Savoir différencier DSP, convention d’occupation du domaine public et marché public

Dans son arrêt en date du 17 octobre 2012, la Cour administrative d’appel de Paris a examiné la qualification d’un contrat public destiné à l’installation et l’exploitation de colonnes et mâts porte-affiches (marché public, délégation de service public, simple convention d’occupation du domaine public) entre la Ville de Paris et la société Decaux afin de déterminer la procédure de passation applicable.

Le tribunal administratif de Paris a d’abord considéré que ce contrat devait être qualifié de délégation de service public et que la Ville de Paris n’avait pas respecté la procédure de mise en concurrence prévue par le CGCT.

Cependant la CAA relève que, même si cette convention faisait participer le cocontractant à une mission d’intérêt général consistant en la promotion d’activités culturelles sur le territoire parisien, les stipulations du contrat ne démontrent pas que cette activité soit érigée en service public au vu notamment de la possibilité pour le prestataire de fixer le niveau des tarifs.
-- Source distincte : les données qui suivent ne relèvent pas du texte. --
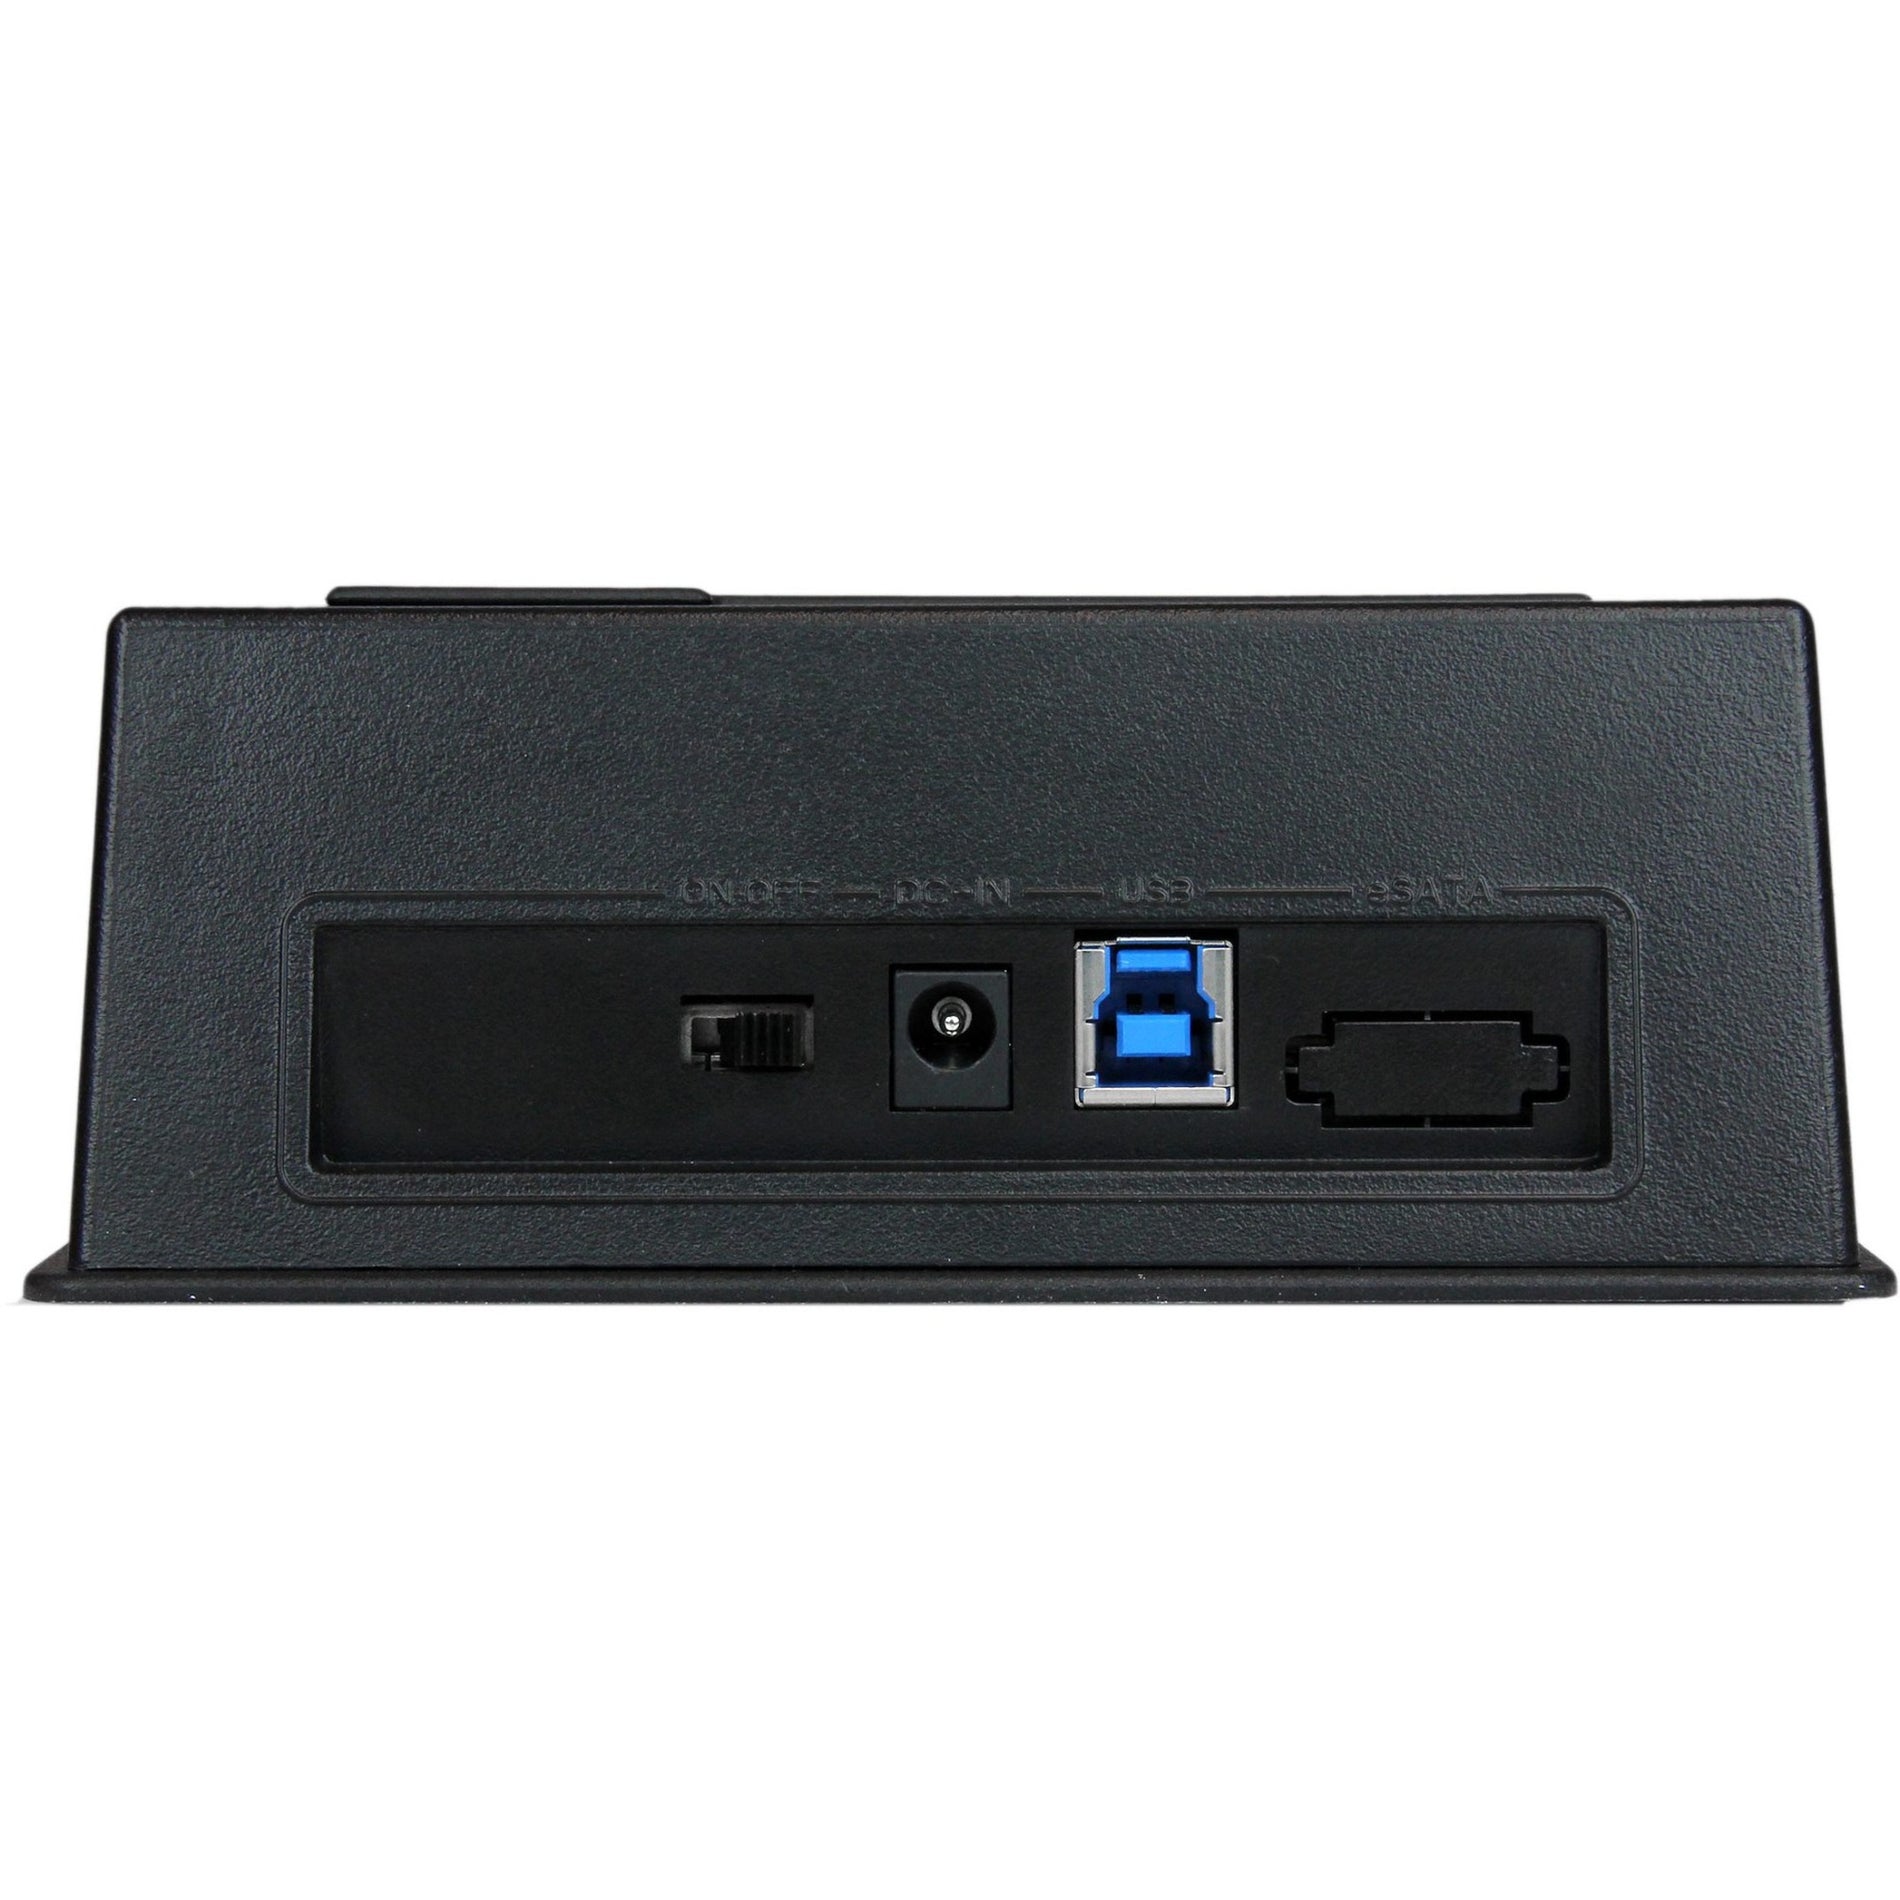 StarTech.com SDOCKU33BV USB 3.0 SATA III Hard Drive Docking Station SSD / HDD with UASP, Fast Data Transfer and Easy External Storage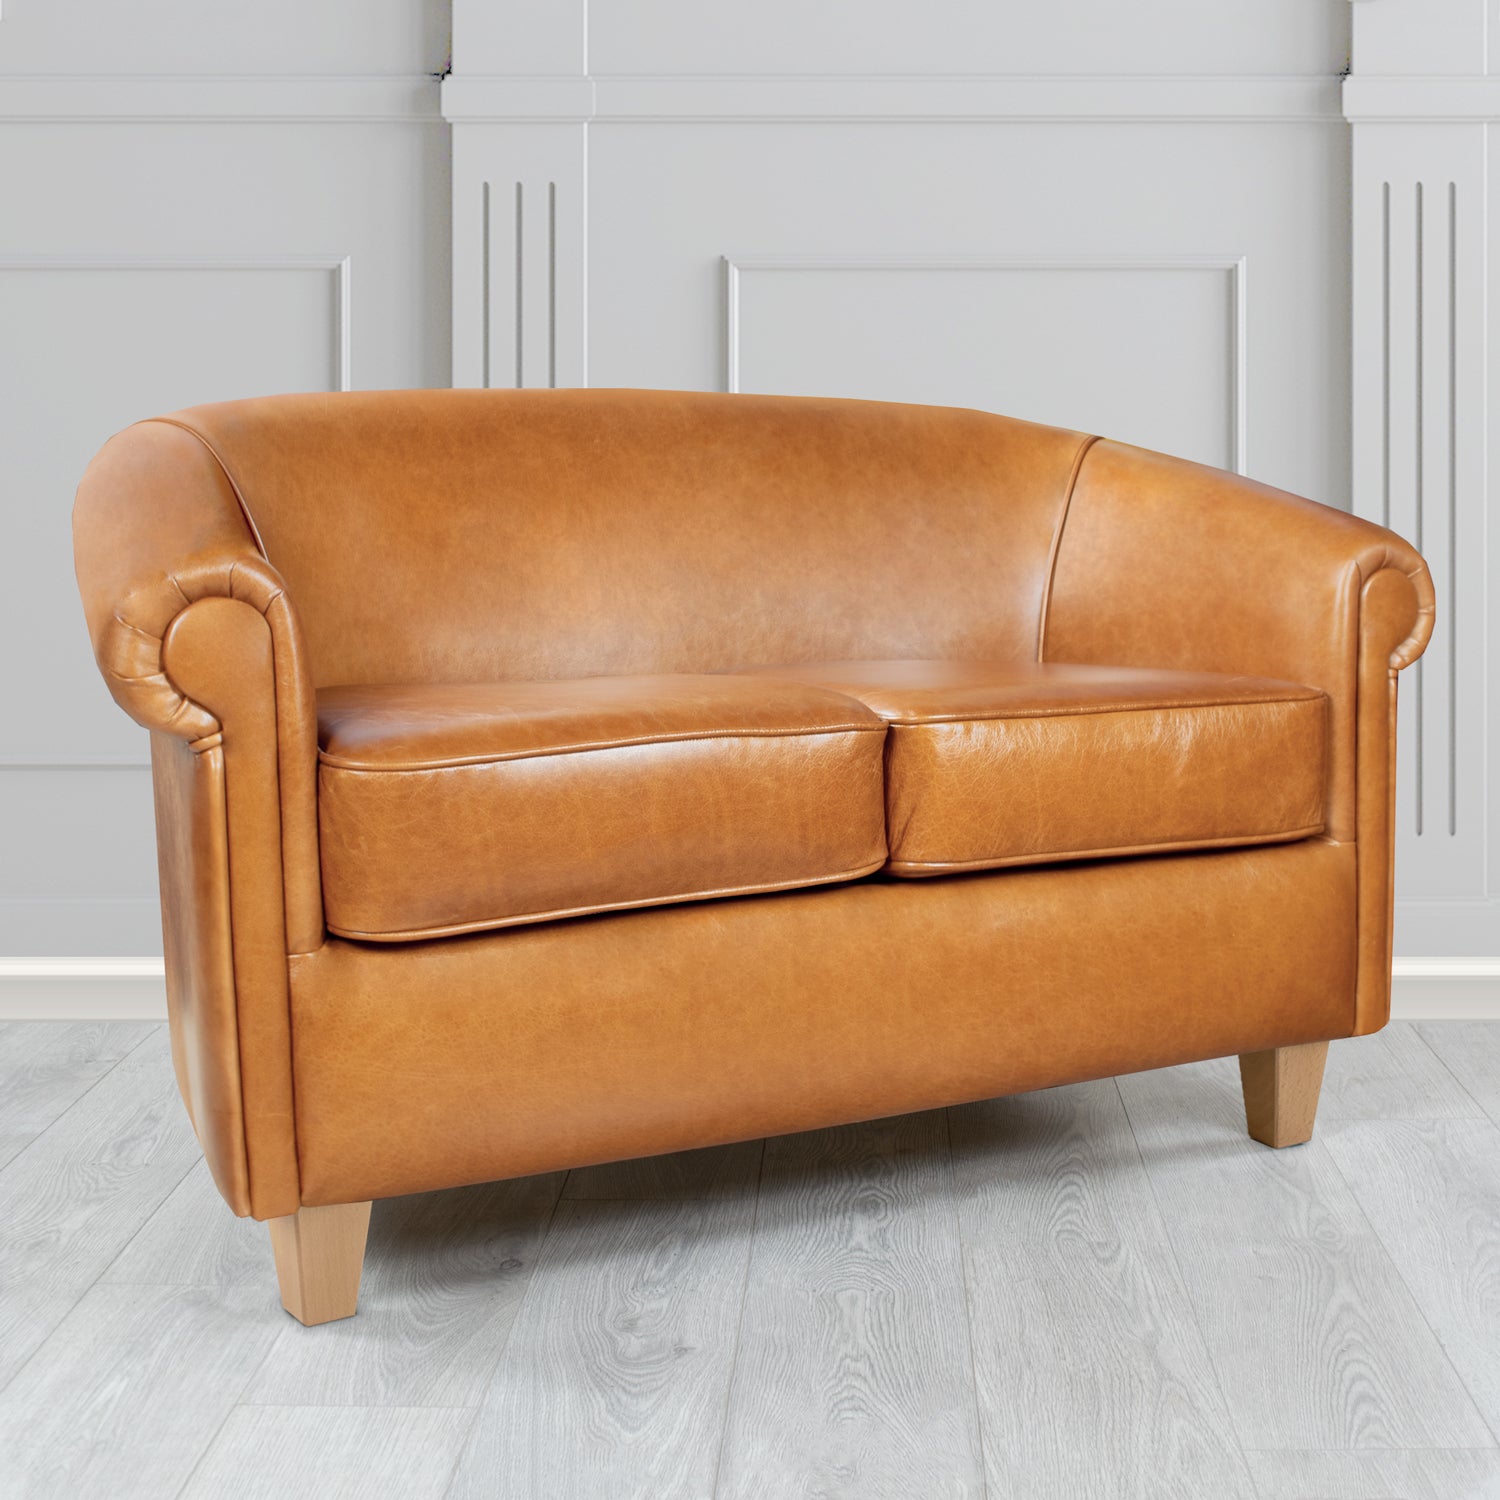 Siena 2 Seater Tub Sofa in Crib 5 Old English Buckskin Genuine Leather - The Tub Chair Shop

La qualification de DSP a donc été écartée et remplacée par celle de marché public en tant que cette convention autorise son cocontractant à exploiter commercialement les éléments de mobilier urbain concernés et que cette autorisation peut être considérée comme un avantage consenti à titre onéreux alors même qu’il ne se traduit par aucune dépense effective pour la collectivité et s’accompagne de l’engagement de la société à verser en contrepartie une redevance variant de 41 % à 55 % du chiffre d’affaires et comprenant une part fixe.

Cette convention, tout en constituant une convention d’occupation domaniale, présente le caractère d’un marché public et sa conclusion était donc soumise au respect des règles de passation du Code des marchés publics.